TASK BRIEF:
Every line below should be repeated exactly as written.

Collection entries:
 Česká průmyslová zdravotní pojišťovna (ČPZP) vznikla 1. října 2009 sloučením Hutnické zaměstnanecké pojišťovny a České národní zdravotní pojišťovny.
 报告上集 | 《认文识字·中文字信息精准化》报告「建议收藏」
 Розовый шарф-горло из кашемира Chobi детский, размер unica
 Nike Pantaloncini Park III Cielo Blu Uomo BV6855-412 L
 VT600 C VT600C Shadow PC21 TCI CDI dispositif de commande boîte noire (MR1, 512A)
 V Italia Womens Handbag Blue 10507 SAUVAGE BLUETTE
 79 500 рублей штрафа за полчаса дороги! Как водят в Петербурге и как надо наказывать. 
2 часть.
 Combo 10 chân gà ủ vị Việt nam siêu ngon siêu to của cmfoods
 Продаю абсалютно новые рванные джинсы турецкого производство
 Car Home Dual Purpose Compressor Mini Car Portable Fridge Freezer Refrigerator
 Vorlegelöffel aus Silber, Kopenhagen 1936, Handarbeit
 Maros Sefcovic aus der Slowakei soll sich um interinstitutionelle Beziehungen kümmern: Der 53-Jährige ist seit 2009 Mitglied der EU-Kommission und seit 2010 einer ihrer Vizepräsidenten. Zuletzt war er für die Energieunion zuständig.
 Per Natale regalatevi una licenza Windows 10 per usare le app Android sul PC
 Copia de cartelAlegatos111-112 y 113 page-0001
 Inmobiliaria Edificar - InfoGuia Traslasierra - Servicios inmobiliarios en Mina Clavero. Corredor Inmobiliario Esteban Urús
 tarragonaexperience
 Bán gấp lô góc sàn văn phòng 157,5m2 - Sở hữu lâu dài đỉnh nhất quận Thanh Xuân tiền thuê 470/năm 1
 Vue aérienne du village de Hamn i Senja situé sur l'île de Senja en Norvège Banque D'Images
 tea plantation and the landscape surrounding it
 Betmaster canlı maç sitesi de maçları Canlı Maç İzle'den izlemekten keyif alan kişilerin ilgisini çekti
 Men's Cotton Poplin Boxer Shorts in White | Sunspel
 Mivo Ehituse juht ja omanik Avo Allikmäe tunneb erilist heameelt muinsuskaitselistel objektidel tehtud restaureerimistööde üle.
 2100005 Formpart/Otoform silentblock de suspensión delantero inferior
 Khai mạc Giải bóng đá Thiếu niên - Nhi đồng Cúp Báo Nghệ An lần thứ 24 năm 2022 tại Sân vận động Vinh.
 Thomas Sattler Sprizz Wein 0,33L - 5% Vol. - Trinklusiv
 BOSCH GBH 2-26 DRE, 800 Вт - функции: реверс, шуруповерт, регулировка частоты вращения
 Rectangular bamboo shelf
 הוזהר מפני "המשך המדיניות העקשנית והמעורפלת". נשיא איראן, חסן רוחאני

TASK OUTPUT:
 Česká průmyslová zdravotní pojišťovna (ČPZP) vznikla 1. října 2009 sloučením Hutnické zaměstnanecké pojišťovny a České národní zdravotní pojišťovny.
 报告上集 | 《认文识字·中文字信息精准化》报告「建议收藏」
 Розовый шарф-горло из кашемира Chobi детский, размер unica
 Nike Pantaloncini Park III Cielo Blu Uomo BV6855-412 L
 VT600 C VT600C Shadow PC21 TCI CDI dispositif de commande boîte noire (MR1, 512A)
 V Italia Womens Handbag Blue 10507 SAUVAGE BLUETTE
 79 500 рублей штрафа за полчаса дороги! Как водят в Петербурге и как надо наказывать. 
2 часть.
 Combo 10 chân gà ủ vị Việt nam siêu ngon siêu to của cmfoods
 Продаю абсалютно новые рванные джинсы турецкого производство
 Car Home Dual Purpose Compressor Mini Car Portable Fridge Freezer Refrigerator
 Vorlegelöffel aus Silber, Kopenhagen 1936, Handarbeit
 Maros Sefcovic aus der Slowakei soll sich um interinstitutionelle Beziehungen kümmern: Der 53-Jährige ist seit 2009 Mitglied der EU-Kommission und seit 2010 einer ihrer Vizepräsidenten. Zuletzt war er für die Energieunion zuständig.
 Per Natale regalatevi una licenza Windows 10 per usare le app Android sul PC
 Copia de cartelAlegatos111-112 y 113 page-0001
 Inmobiliaria Edificar - InfoGuia Traslasierra - Servicios inmobiliarios en Mina Clavero. Corredor Inmobiliario Esteban Urús
 tarragonaexperience
 Bán gấp lô góc sàn văn phòng 157,5m2 - Sở hữu lâu dài đỉnh nhất quận Thanh Xuân tiền thuê 470/năm 1
 Vue aérienne du village de Hamn i Senja situé sur l'île de Senja en Norvège Banque D'Images
 tea plantation and the landscape surrounding it
 Betmaster canlı maç sitesi de maçları Canlı Maç İzle'den izlemekten keyif alan kişilerin ilgisini çekti
 Men's Cotton Poplin Boxer Shorts in White | Sunspel
 Mivo Ehituse juht ja omanik Avo Allikmäe tunneb erilist heameelt muinsuskaitselistel objektidel tehtud restaureerimistööde üle.
 2100005 Formpart/Otoform silentblock de suspensión delantero inferior
 Khai mạc Giải bóng đá Thiếu niên - Nhi đồng Cúp Báo Nghệ An lần thứ 24 năm 2022 tại Sân vận động Vinh.
 Thomas Sattler Sprizz Wein 0,33L - 5% Vol. - Trinklusiv
 BOSCH GBH 2-26 DRE, 800 Вт - функции: реверс, шуруповерт, регулировка частоты вращения
 Rectangular bamboo shelf
 הוזהר מפני "המשך המדיניות העקשנית והמעורפלת". נשיא איראן, חסן רוחאני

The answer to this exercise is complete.